Wednesday, July 18, 2007

Crap Competitions

Competitions these days are crap.

When I was a lad, competitions were simple, honest affairs. There'd be competitions on children's TV, where the person who sent in the best picture would win a drawing set or get to meet Rolf Harris. Then there'd be competitions on crisp packets where you could win the latest toy.

They were organised either just for the sheer fun of it (e.g. competitions on TV on in newspapers), or for a bit of publicity or as an honest ploy to make people buy more chocolate.

All it cost you to enter was a stamp, and the prize came from the goodness of someone's heart (or the marketing department).

These days, competitions are cynical, engineered affairs that are just treated as another revenue stream. There are even business who do nothing but organise evil, profiteering "competitions" for evil corporate clients.

The thinking goes something like this:

"If we offer a prize worth £1000 and have to pay £500 promotional costs, and earn 50p profit per entry, then if we get 5000 entries, that's £1000 clear profit."
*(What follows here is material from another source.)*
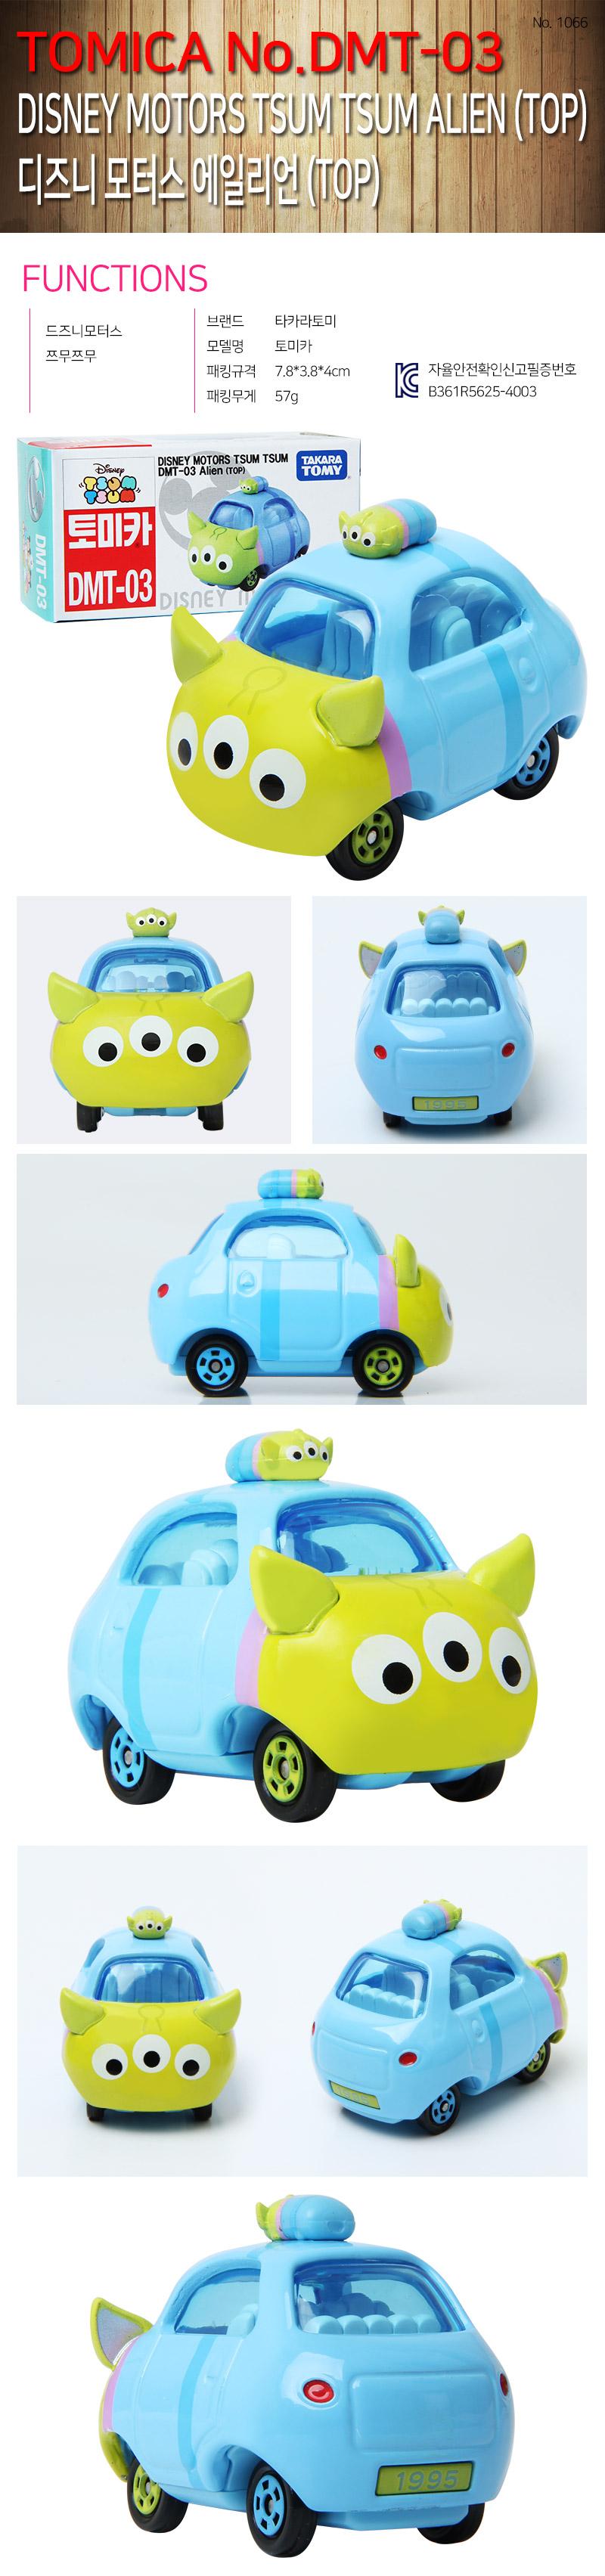 Olaf Takaratomy Tomica Disney Motors Tsum Tsum DMT-02 Mini Car Figure with Top

The organisers do extensive research into the target demographic to select a suitably enticing prize and decide how much to charge for entry.

The key difference is that there's no generosity or sense of fun. The cost of the prize must be covered by all the entry fees, and allow them to make a decent profit.
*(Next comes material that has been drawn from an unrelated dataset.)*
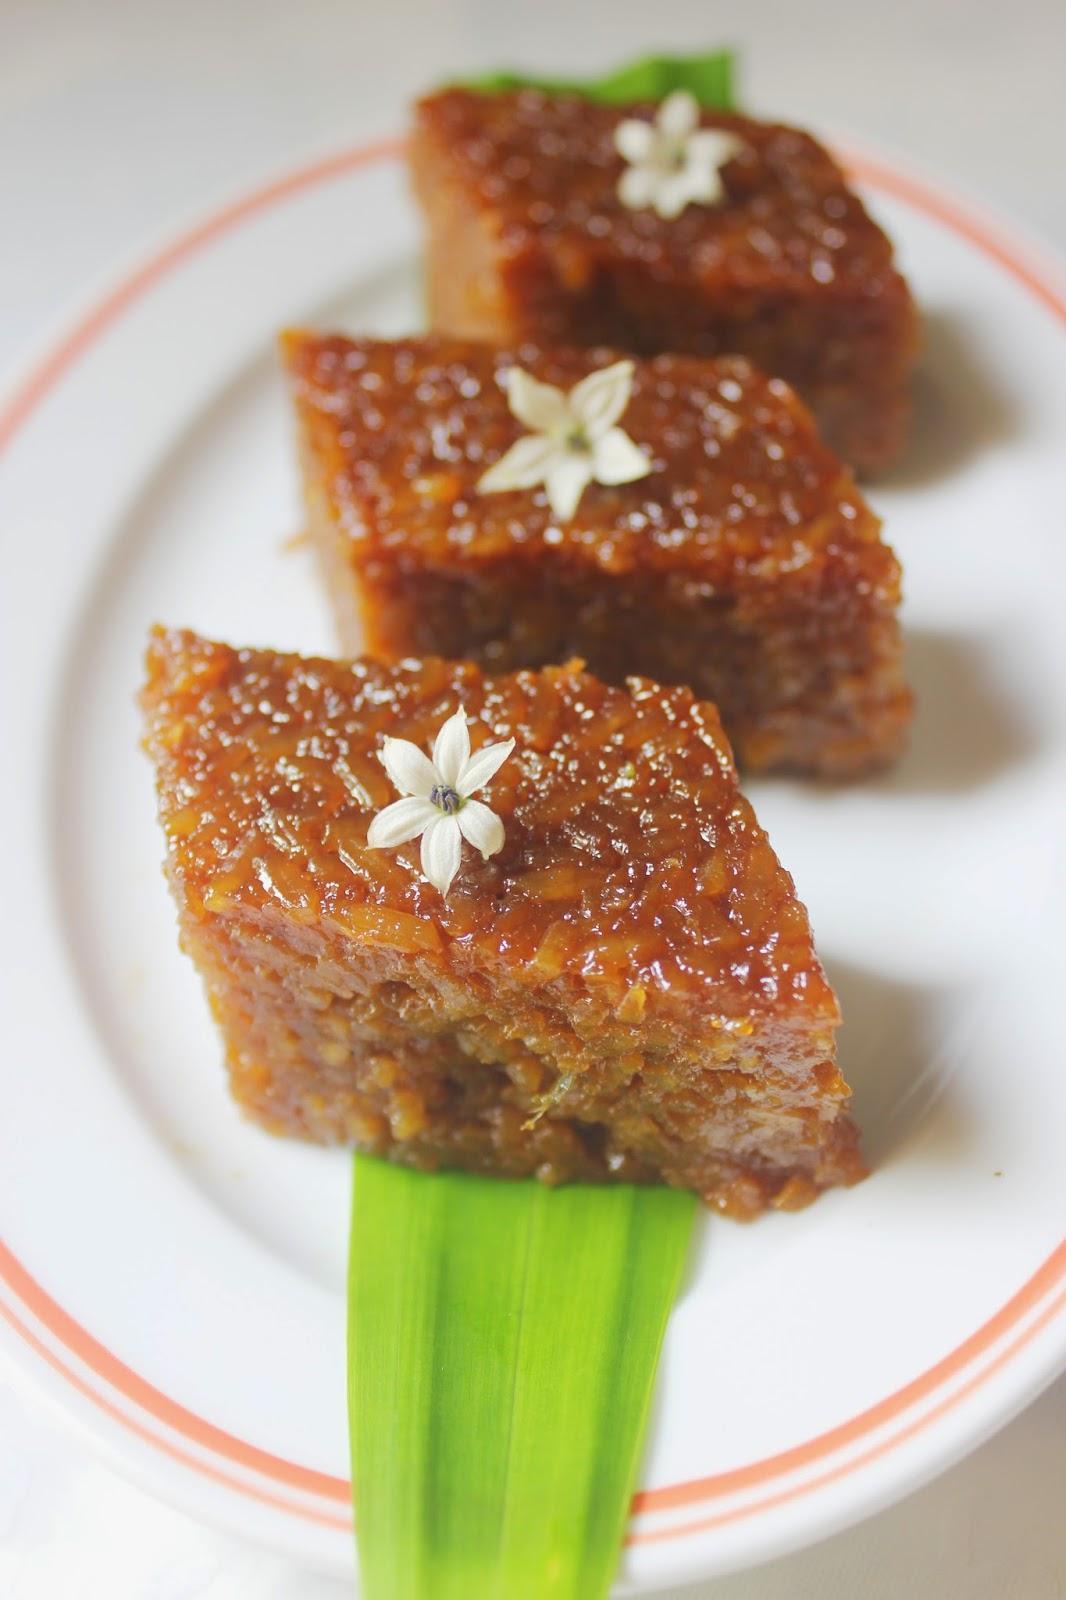 sweet glutinous rice on plate
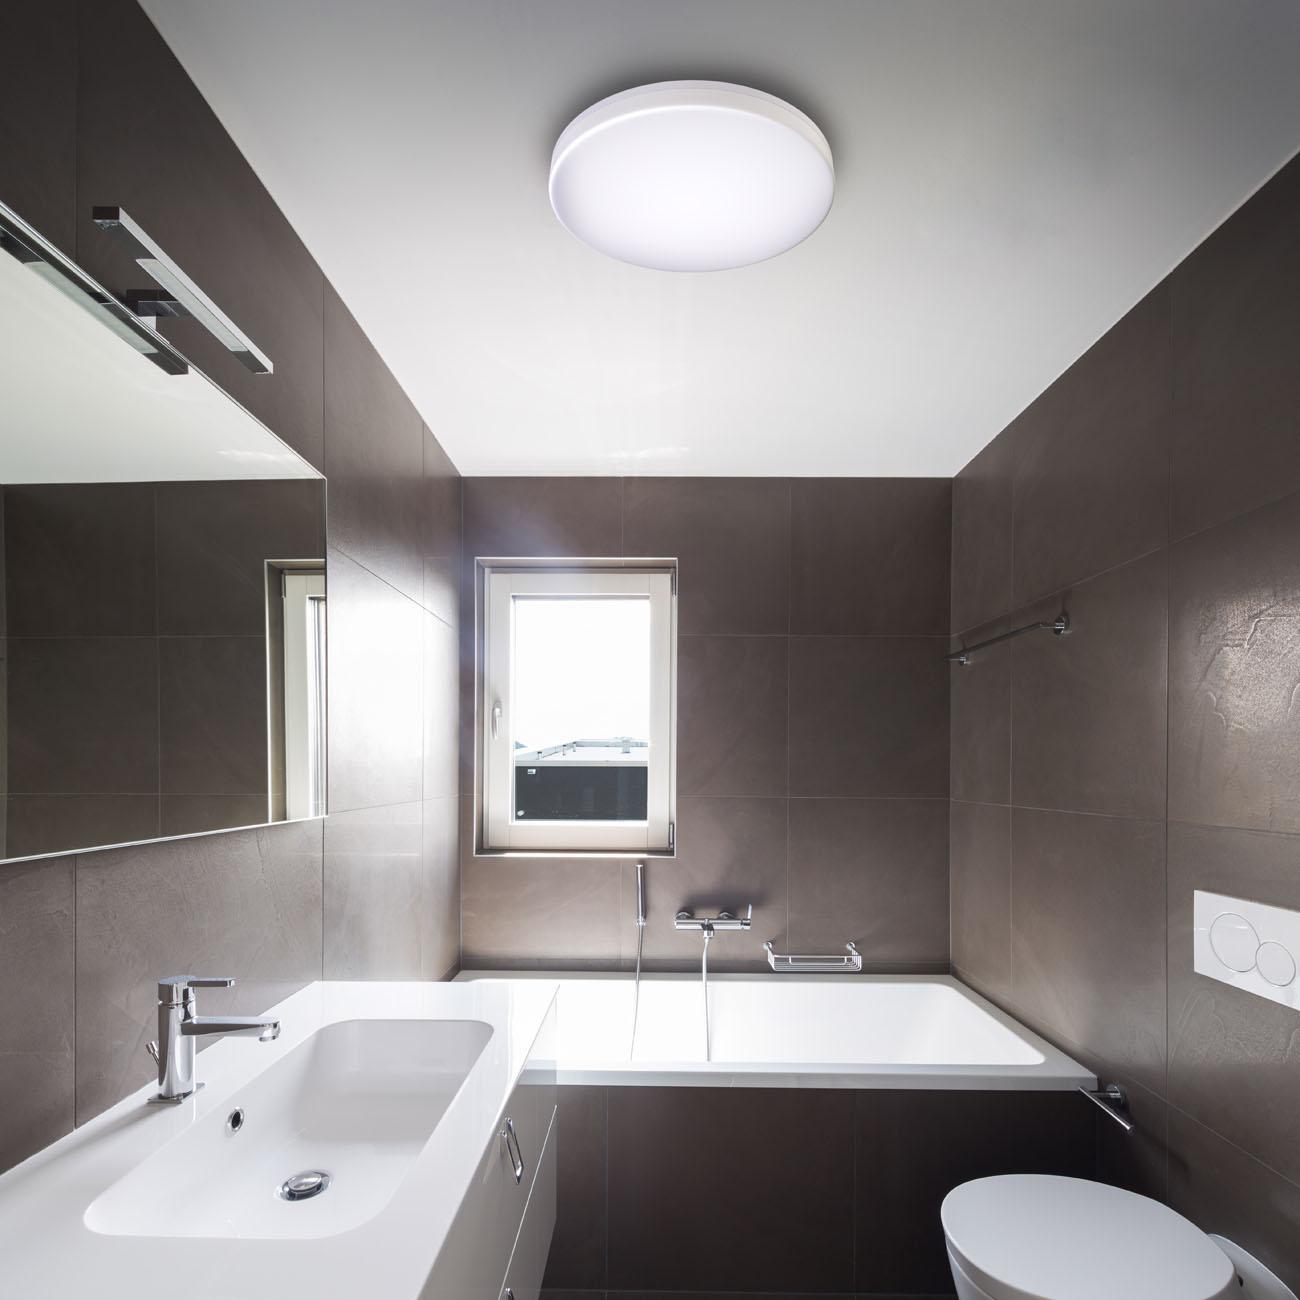 LED Deckenleuchte Badlampe IP54 L

Because the organisers are relying on entry fees to pay for the prize and make a profit, they discourage free entries. They'll get you to enter by SMS (text message), often costing 50p or £1. As you know, normal text messages cost 10p, so the rest is just fat profit. Or there'll be a premium rate phone number costing between 60p and £2 a minute.
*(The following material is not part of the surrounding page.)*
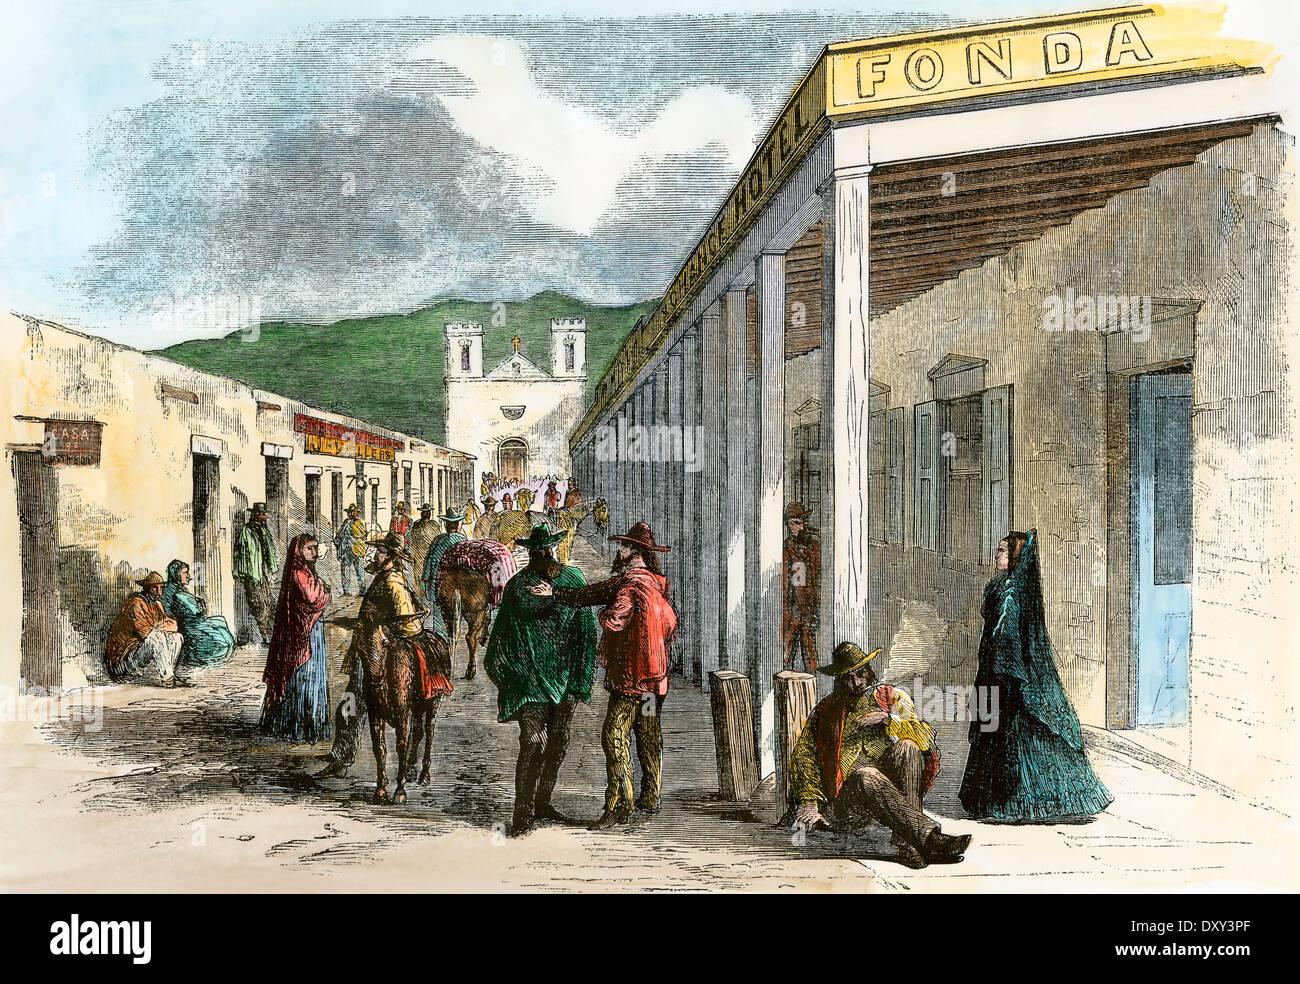 La Fonda Hotel, Blick vom Plaza St Francis Cathedral, Santa Fe, NM, 1860er Jahre. Stockbild

Sometimes you can enter for free on the Internet. Sometimes you can't - the organiser will have teamed up with a "microcharging" partner who'll take 50p from your credit card.

Anyway, you get the point: competitions aren't fun anymore, they're just a cynical way of for nasty corporations to make easy money.

Oh, and the worst competitions of all are ones that, in the small print, say that the prize is shared across multiple competitions. Although these aren't as bad as the competitions that cost £5 to enter and the prize is just an overpriced phone contract.